A term typically signifying marijuana that is grown in the backyard or house, HOME GROWN refers more generally to a wide range of “do-it-yourself” activities. Taken as a sign for “American ingenuity and the entrepreneurial spirit,” alternatively it denotes a variety of subcultures found often outside the law – in both cases, indicative of knowledge produced and employed counter to the status quo. Extreme forms include separatist militias, and illicit narcotics manufacture.
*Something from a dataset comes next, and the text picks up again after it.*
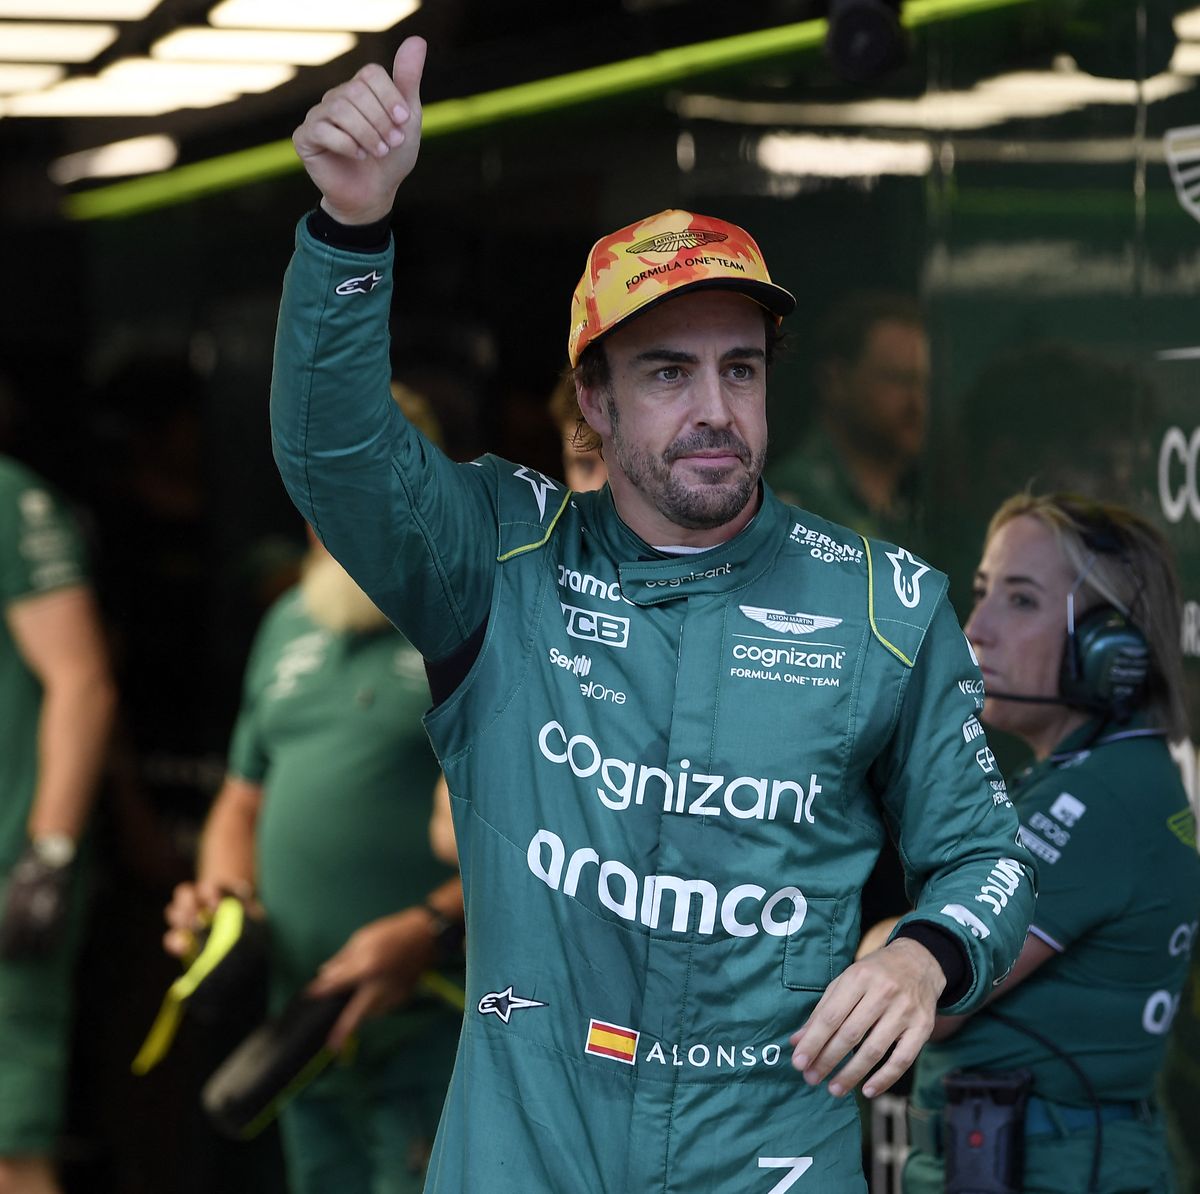 Podrás conocer a Alonso: las iniciativas de Aston Martin F1 en Barcelona
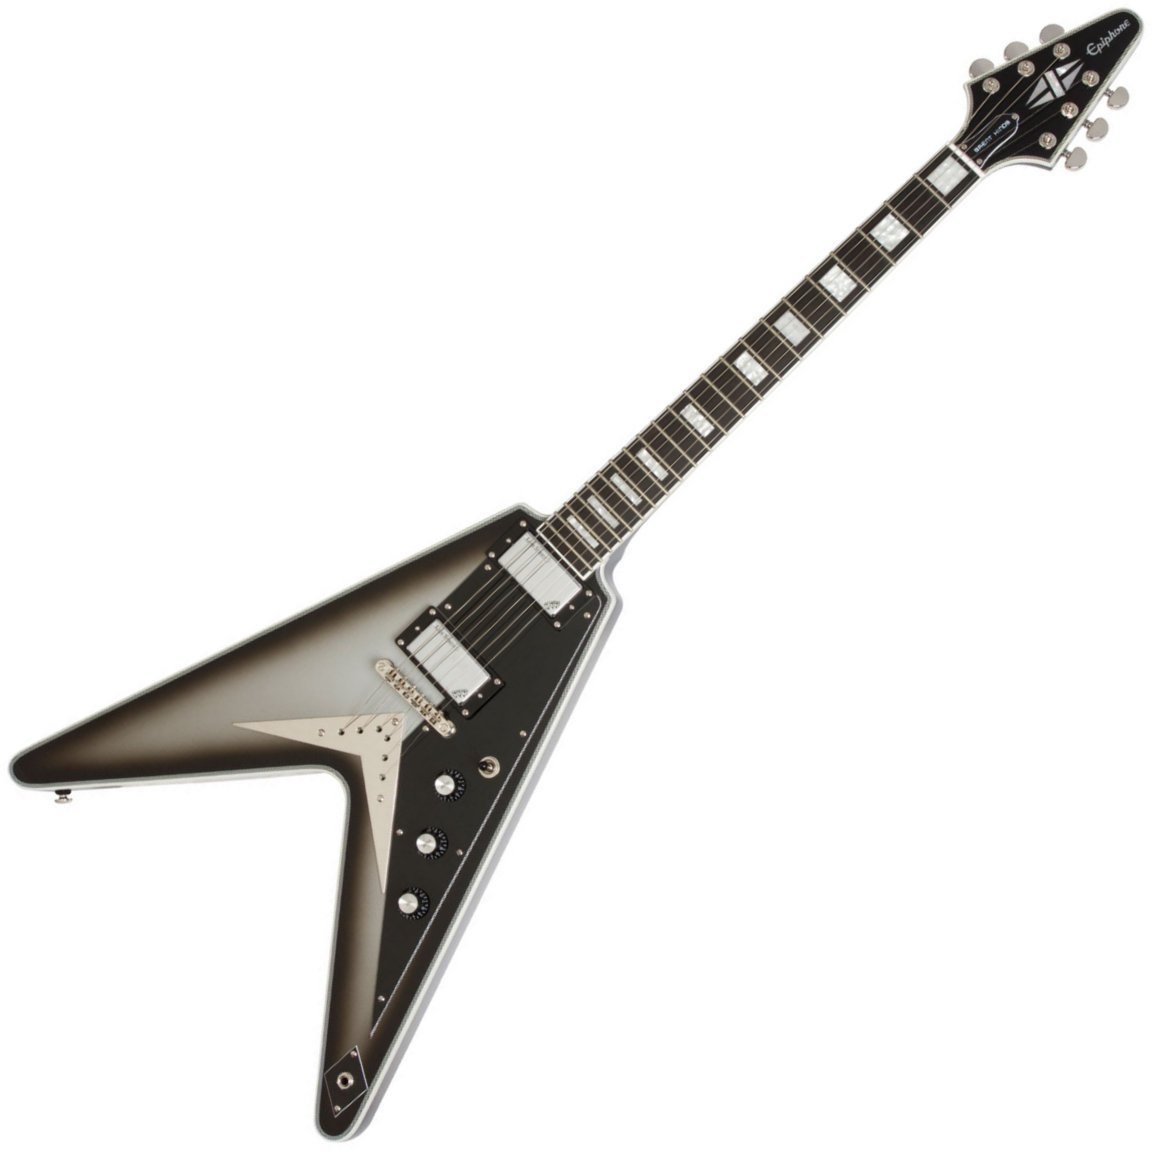 E-Gitarre Epiphone Brent Hinds Flying V Custom Limited Edition - Silverburst

The principle is also applied in the barely-legal practices of “home-schooling,” “back-to-the-land” movements, cult organizations, “home-made” architecture, “home remedies;” as well as a slew of more properly legal creative solutions to mechanical, environmental, and community-related issues – not to mention, “down-home” cooking.
HOME GROWN implies a rather complex set of relationships between various “do-it-yourself” or “home-made” traditions (so much a part of the history of the United States, founded as it was on notions of self -sufficiency and -determination), as it does with regard to the very notion of tradition as such, with its connotations of community, belonging, and place (Heimat) – the latter proving disastrous in recent European history, equally disastrous for the indigenous population in the US push west, and potentially disastrous with the present rise of nationalist sentiment in both the States and Europe. This problematic, how and where the rather uneasy lines are drawn between what seem to be radically different interpretations of free will and self-determination, and the role of government in establishing and maintaining those lines, is precisely the area in which the exhibition HOME GROWN is located.
The three artists participating in the exhibition, each in their own way, addresses this rather difficult terrain. Janet Bigg’s interest in the construction of gender, social codes, and values continues through an investigation into the increasingly common practice in the US of pharmacologically treating socially deemed atypical forms of behavior. For her, HOME GROWN refers not only to illegal domestic drug production, but also to the way society effects the formation or growth of the individual by invading the home through (legal, i.e., state-approved) medication as a form of social control.
Maria Friberg presents us with an agitated glimpse into the American political system and its media representations. Offering up symbols of power as they’re manifested in television and architecture, her work attempts to poke holes into these imaginary edifices of “Truth, Justice and the American Way.” Though not explicitly spelled out, Friberg’s work suggests possibilities for HOME GROWN politics to emerge; a politics of awareness of media manipulation beginning with a critique of the doctrinaire and implacable presence of American Federalist authority.
Stephan Pascher’s contribution reflects a concern for activities formally outside the officially permissible; testing boundaries of legality, while searching out spaces where free interests can be effectively pursued. His version of the HOME GROWN comes literally in the form of home-style cultivation – both gardening and distilling – but also, in returning, if only temporarily, the Passagen Könsthall to its food market origin, a site of lively communal exchange; consequently activating the art institution’s potential as an equally dynamic and viable social space, yet for perhaps other sorts of commerce.